When using a bridge, the entry to Tor is the same for all streams.

This is actually considered less secure due to a higher probability to encounter a malicious guard when performing frequent rotation.

If the attempt to mask the OS isn’t perfect (contradicts other fingerprinting tools), does it make the user even more interesting?

I am not sure Whonix users will appreciate any contact with Microsoft (or with anyone else for that matter unless absolutely necessary).

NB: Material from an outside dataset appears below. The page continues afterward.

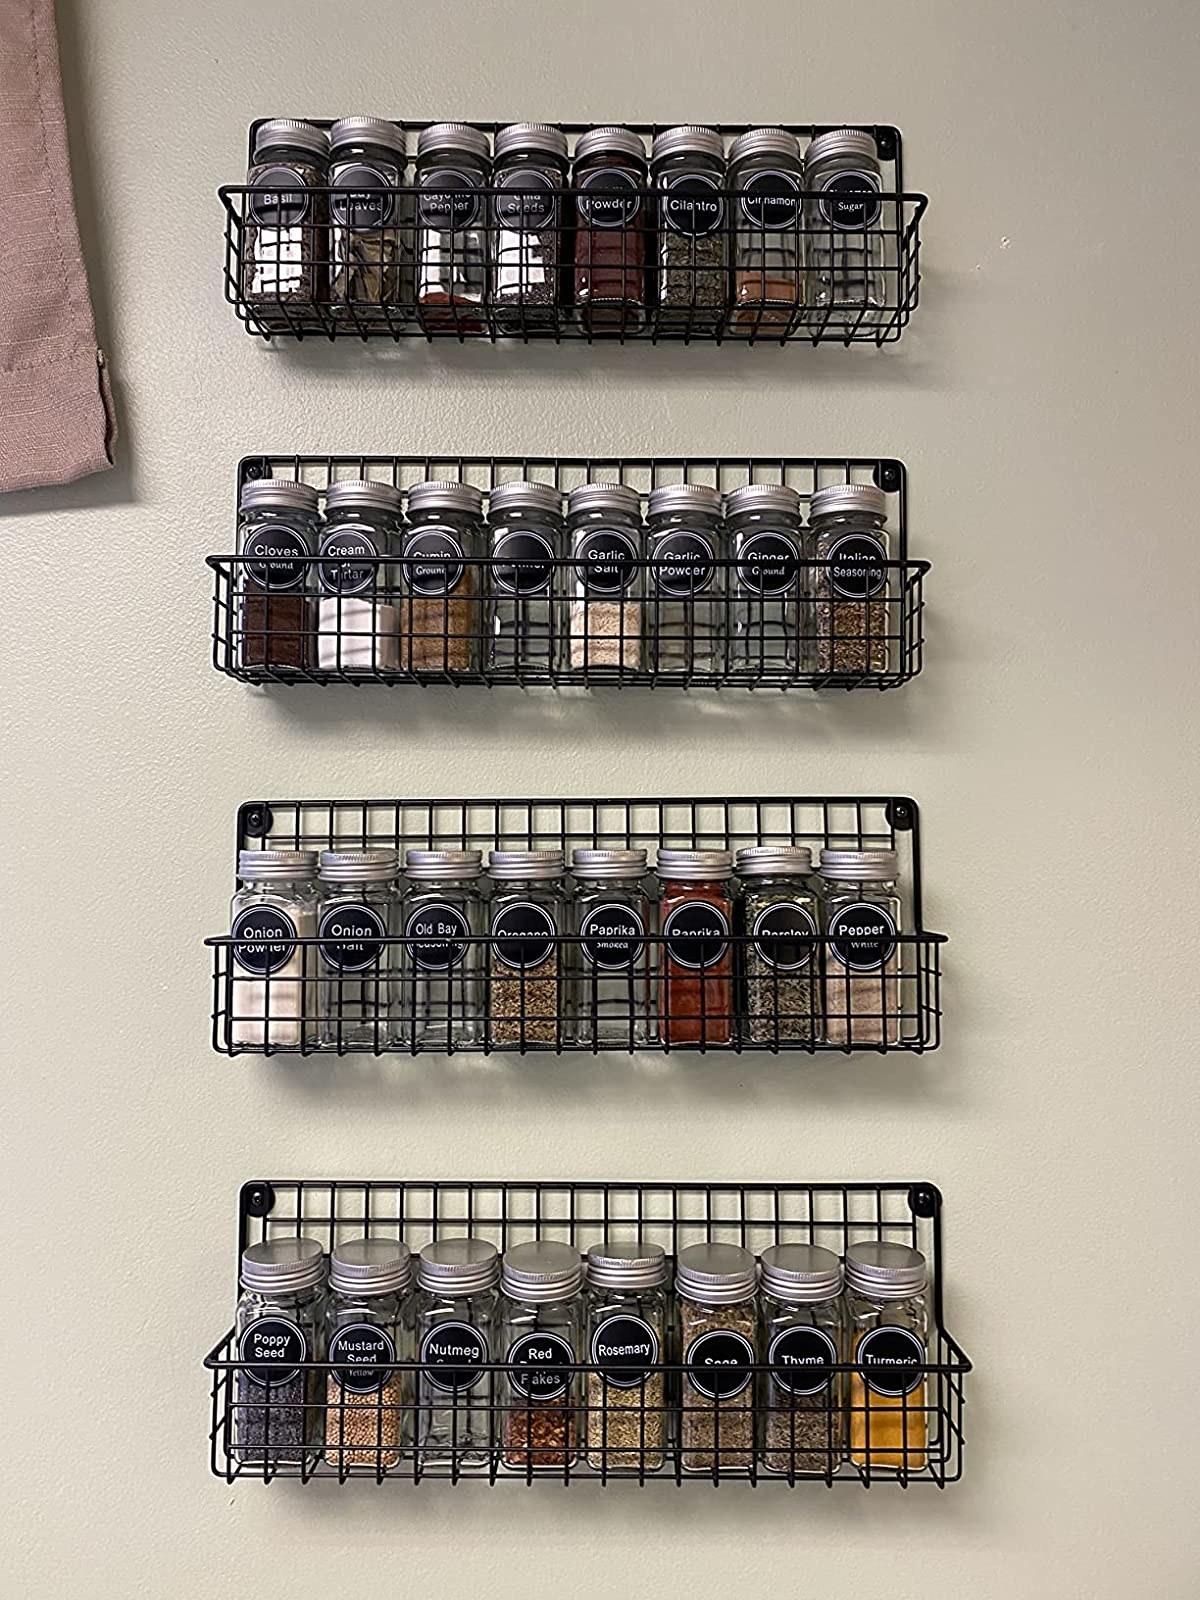 Reviewer image of four wire shelves filled with spice bottles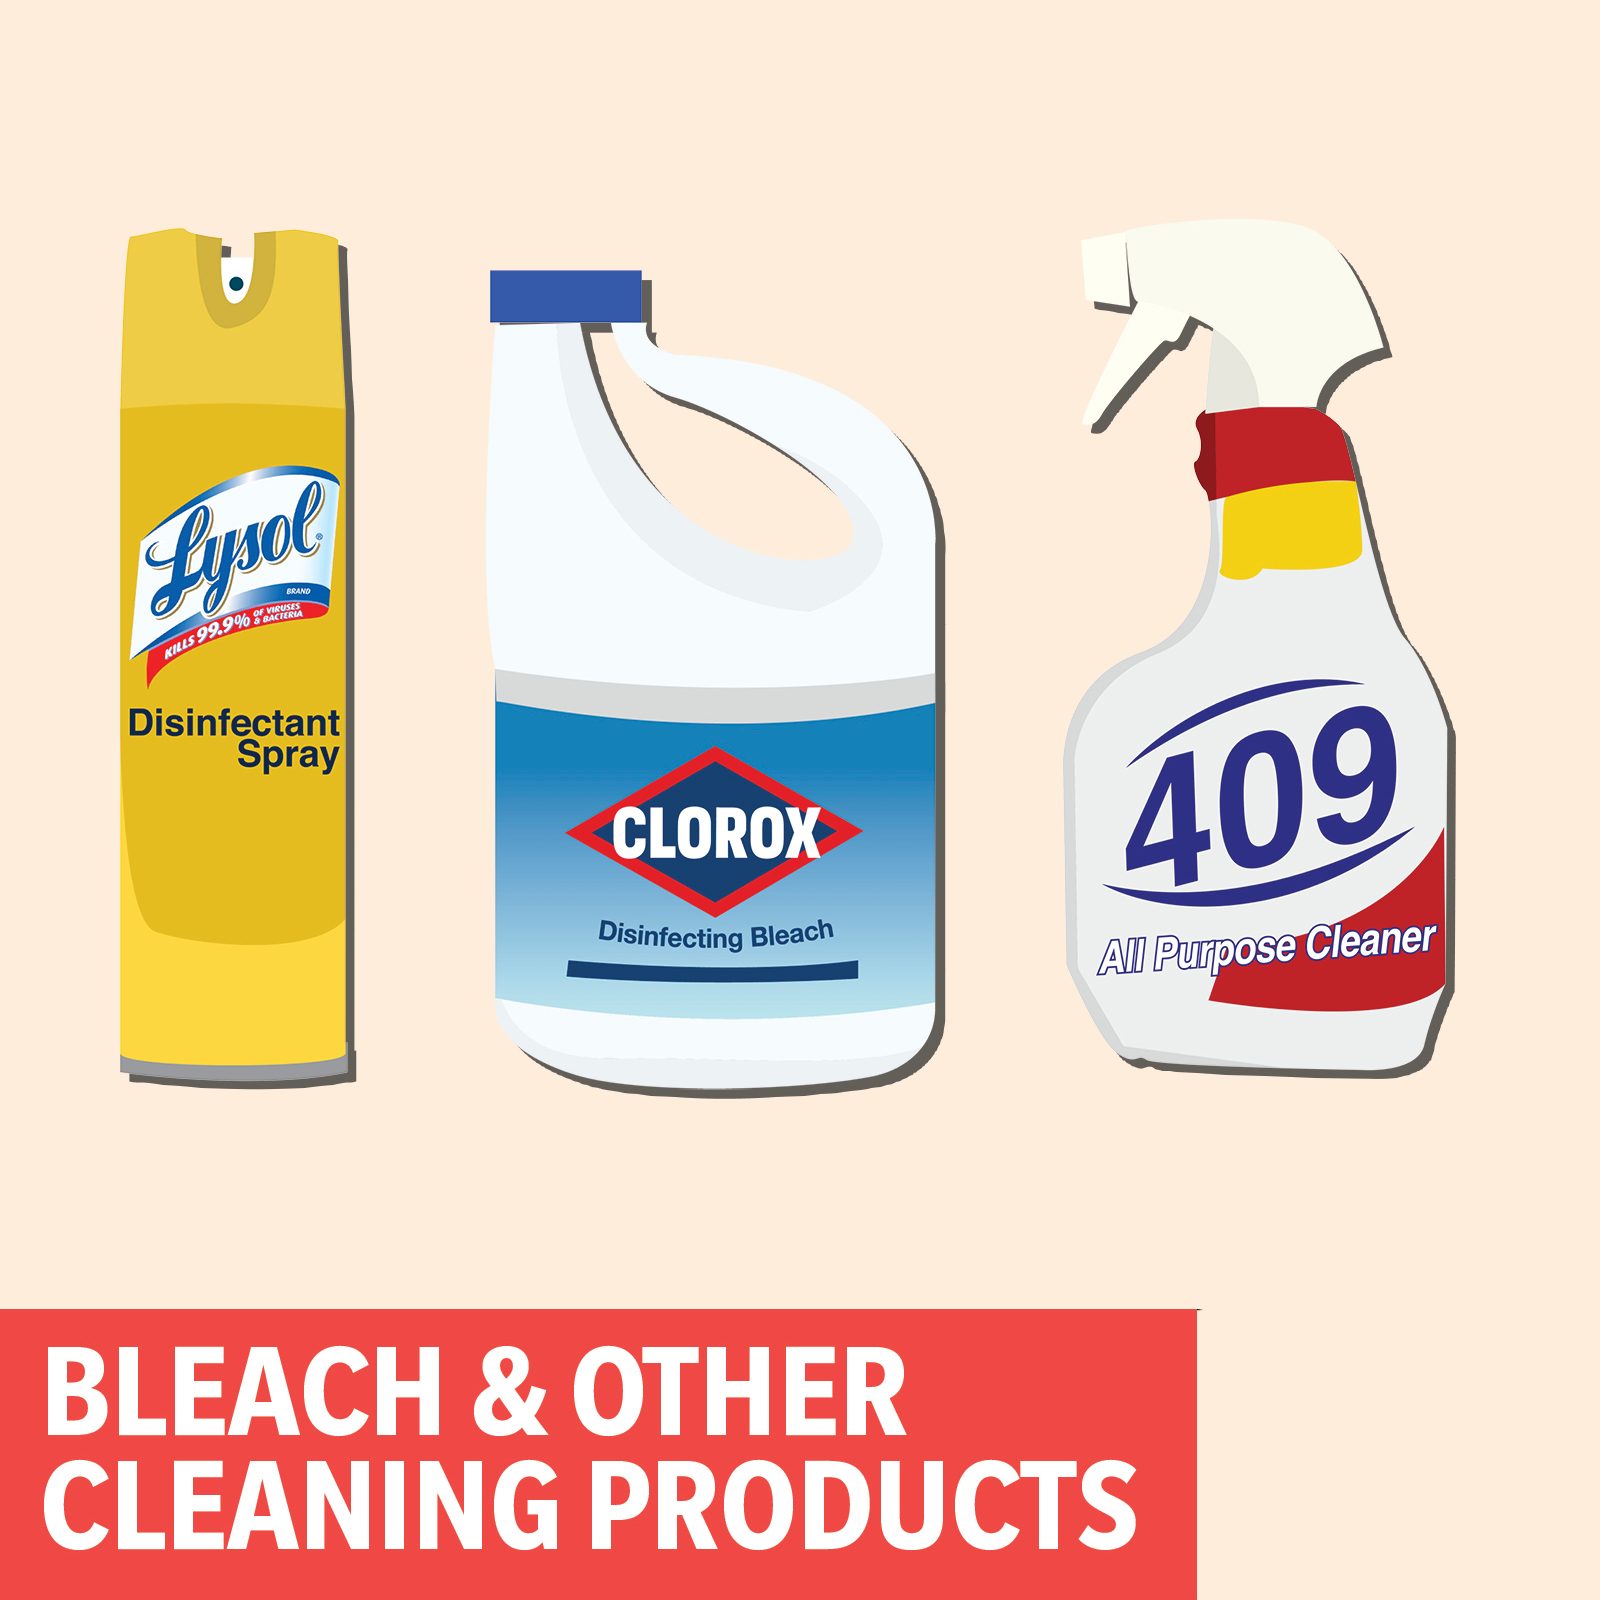 https://www.tasteofhome.com/wp-content/uploads/2018/12/Bleach-and-Other-Cleaning-Products-2.jpg?fit=700%2C700

Tor project gave up on this (used to display a Windows-like fingerprint in the past), Tails gave up on that from the display angle (used to have a win7-like desktop). I don’t think those attempts are feasible. If we want to look exactly like a common, non-Tor, Windows user we will probably need to be just that.

1 Like

Yes but this isn’t about max security. It’s about hiding Tor at all costs.

It could probably be passed off as a bug or misconfigured network.

For some people it could be absolutely necessary. This is for if people would face prison or other big problems for using Tor/Whonix.

They gave up on preventing an adversary who’s website they’re on or who has access to their machine on finding out the OS. What this would do is prevent a network level adversary from finding out the OS like an ISP or government agency.

1 Like
  • One Tor for Whonix Desktop is not desirable nor practical.

    • Not desirable because of security. Sharing the same Tor instance
      across multiple trust levels is dangerous and can leak data about some other activity.
    • It is sometimes needed to spin up more than One GW for secure Tor
      usage when doing multiple activities and wanting to keep guard risk down as mentioned by Tariq.
  • We DO want some traffic on Hardened Debian (host or VM) to go through Tor like sdwdate and apt, but not all (for example browser in Hardened Deb VM for captive portal auth). Tor is needed for enhanced security in these usecases.

  • We DO want ACW to choose how Tor connects on Hardened Debian.

  • We DO want to control what traffic leaves a non-Torrified host.
    OpenSnitch is an outgoing app traffic firewall and they release .debs,
    but it is not included in Debian. Chris Lamb (former leader) opened a
    packaging request for it: https://bugs.debian.org/909567.

3 Likes

A malicious node means it may very well be an adversary from which hiding Tor is attempted. so, fail on both counts of security and Tor-hiding. Plus, I don’t think anyone is interested to compromise on security.

Wishful thinking. An advanced adversary will test how Whonix Host behaves, if not actually be aware of the features implemented. Whonix is no secret.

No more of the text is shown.